The research of "crawler" and the implementation of Sina Micro-BO search crawler

Last Update:2016-05-03 Source: Internet

Author: User

Tags xpath

Developer on Alibaba Coud: Build your first app with APIs, SDKs, and tutorials on the Alibaba Cloud. Read more ＞

Full Text Overview

features : Crawl search results on Sina Weibo, support search time limits in advanced search
website : http://s.weibo.com/
implementation : Take selenium test tool, simulate micro-blog login, combine Phantomjs/firefox, analyze the DOM node, use XPath to obtain the information of the node, realize the important information crawl, and store in Excel.
Access to Weibo information includes: Blogger nickname, blogger home page, Weibo certification, micro-Boda, Weibo content, release time, Weibo address, Weibo source, forwarding, comments, likes

Please see the code for Github:weibo_search_spider

Implement

First, micro-blog Landing
General microblogging simulation login to the server to transmit cookies, but selenium can be achieved through the simulation click Login, login need to enter a verification code. By landing the Sina Pass (http://login.sina.com.cn/), you can open the Weibo as a login.

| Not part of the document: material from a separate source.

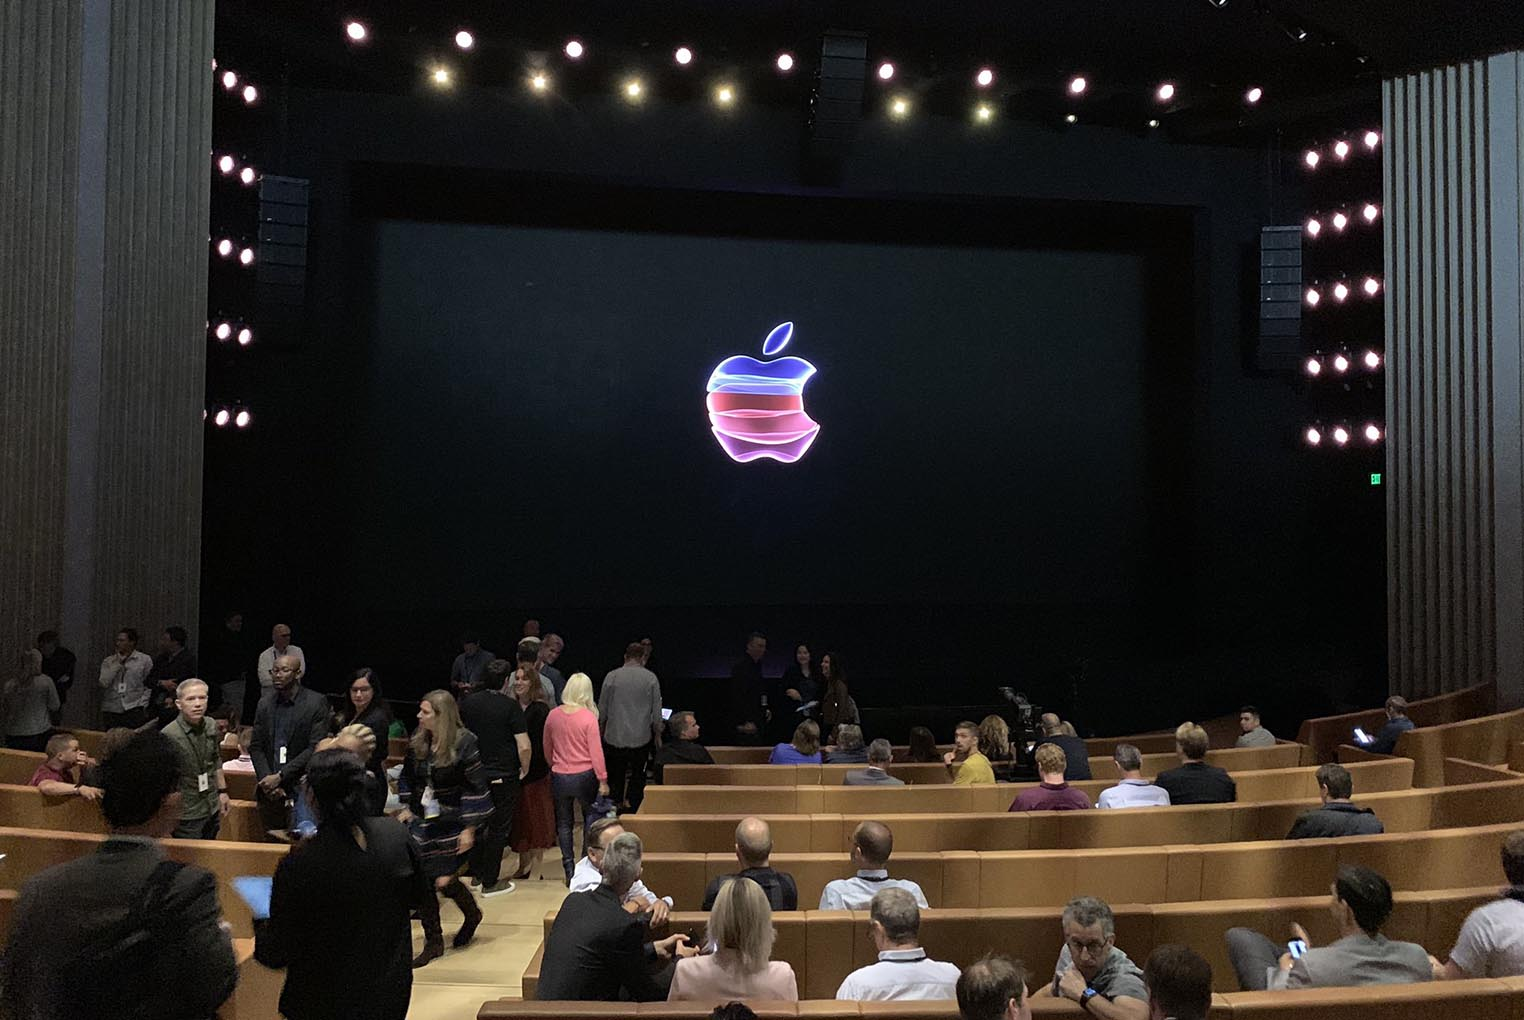 Scène Steve Jobs Theater septembre 2019

Driver = Webdriver. Firefox () def Loginweibo(username, password):    Try:#输入用户名/Password login        Print u ' ready to login weibo.cn website ... 'Driver.get ("http://login.sina.com.cn/") Elem_user = Driver.find_element_by_name ("username") Elem_user.send_keys (username)#用户名Elem_pwd = Driver.find_element_by_name ("Password") Elem_pwd.send_keys (password)#密码Elem_sub = Driver.find_element_by_xpath ("//input[@class = ' smb_btn ']") Elem_sub.click ()#点击登陆 because there is no Name property        Try:#输入验证码Time.sleep (Ten) Elem_sub.click ()except:#不用输入验证码            Pass        Print ' Crawl in ', Driver.current_urlPrint u ' output cookie key value pair information: '         forCookiesinchDriver.get_cookies ():PrintCookies forKeyinchCookies:PrintKey, Cookie[key]Print u ' landed successfully ... '    exceptException,e:Print "Error:"Efinally:Print u ' End loginweibo!\n '

Note: If you need to enter a verification code on a different machine when you log in, for example, you can login on my computer without entering a verification code and you need to enter a verification code on another server. So if you need to enter a verification code, it can only be implemented via Firefox, because Phantomjs as a headless browser, can not implement the function of the input verification code.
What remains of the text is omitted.